Sensors installed in energy-intensive facilities collect real-time data on energy consumption and equipment performance. Edge analytics process this data locally, identifying energy-saving opportunities and detecting inefficiencies. These insights are integrated with a data lake containing historical energy consumption patterns. Organizations can implement energy-efficient practices, optimize resource usage, and reduce operational costs.

5.7. Autonomous Vehicles and Real-time Decision-making

Autonomous vehicles are equipped with edge devices that process sensor data in real time, making split-second decisions for safe navigation. These decisions are informed by real-time edge analytics. Data from these edge devices is also sent to a data lake for further analysis and continuous improvement of autonomous driving algorithms.
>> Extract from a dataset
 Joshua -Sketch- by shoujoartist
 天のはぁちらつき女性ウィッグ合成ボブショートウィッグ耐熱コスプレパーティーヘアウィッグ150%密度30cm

6. Challenges and Mitigation Steps

The convergence of data lakes and edge analytics promises revolutionary advantages in the realm of real-time insights and data-driven decision-making. However, this amalgamation is not without its array of challenges that demand astute attention and strategic solutions. Below, we delve into the intricate fabric of these challenges and the strategies to surmount them.

6.1. Data Synchronization and Consistency

Challenge: Maintaining coherence between real-time insights from edge analytics and historical data residing in the data lake can be intricate.
Mitigation: Employ data synchronization tools that leverage timestamping, version control, and change detection mechanisms. Implement data reconciliation processes to ensure alignment between edge and data lake datasets.

6.2. Data Quality and Governance

Challenge: Upholding data quality across the diverse spectrum of edge devices and sources poses a substantial hurdle.
Mitigation: Integrate data validation mechanisms at the edge, leveraging data profiling, cleansing, and transformation techniques. Establish a comprehensive data governance framework that enforces standardized data collection protocols.

6.3. Security and Privacy Concerns

Challenge: Ensuring data security and privacy in less secure edge environments necessitates robust strategies.
Mitigation: Employ a multi-layered security approach encompassing encryption, access controls, secure boot, and regular security updates. Implement edge devices with built-in hardware security modules to fortify data protection.

6.4. Limited Computing Resources at the Edge

Challenge: Crafting analytics solutions that operate seamlessly within the constrained computational resources of edge devices is a technical hurdle.
Mitigation: Opt for edge-aware analytics algorithms that prioritize data preprocessing, aggregation, and summarization. Leverage edge-enhanced processing units and hardware accelerators to optimize resource utilization.

6.5. Scalability and Management

Challenge: The exponential growth of edge devices demands a scalable architecture that can be efficiently managed.
Mitigation: Implement edge analytics solutions using containerization or microservices, facilitating modular scalability. Leverage centralized management platforms equipped with automated deployment, monitoring, and updates.

6.6. Latency Considerations

Challenge: While edge analytics minimizes latency, ultra-low latency requirements necessitate advanced strategies.
Mitigation: Employ edge hardware with FPGA or GPU capabilities for accelerated processing. Leverage edge caching, data compression, and real-time streaming techniques to further mitigate latency.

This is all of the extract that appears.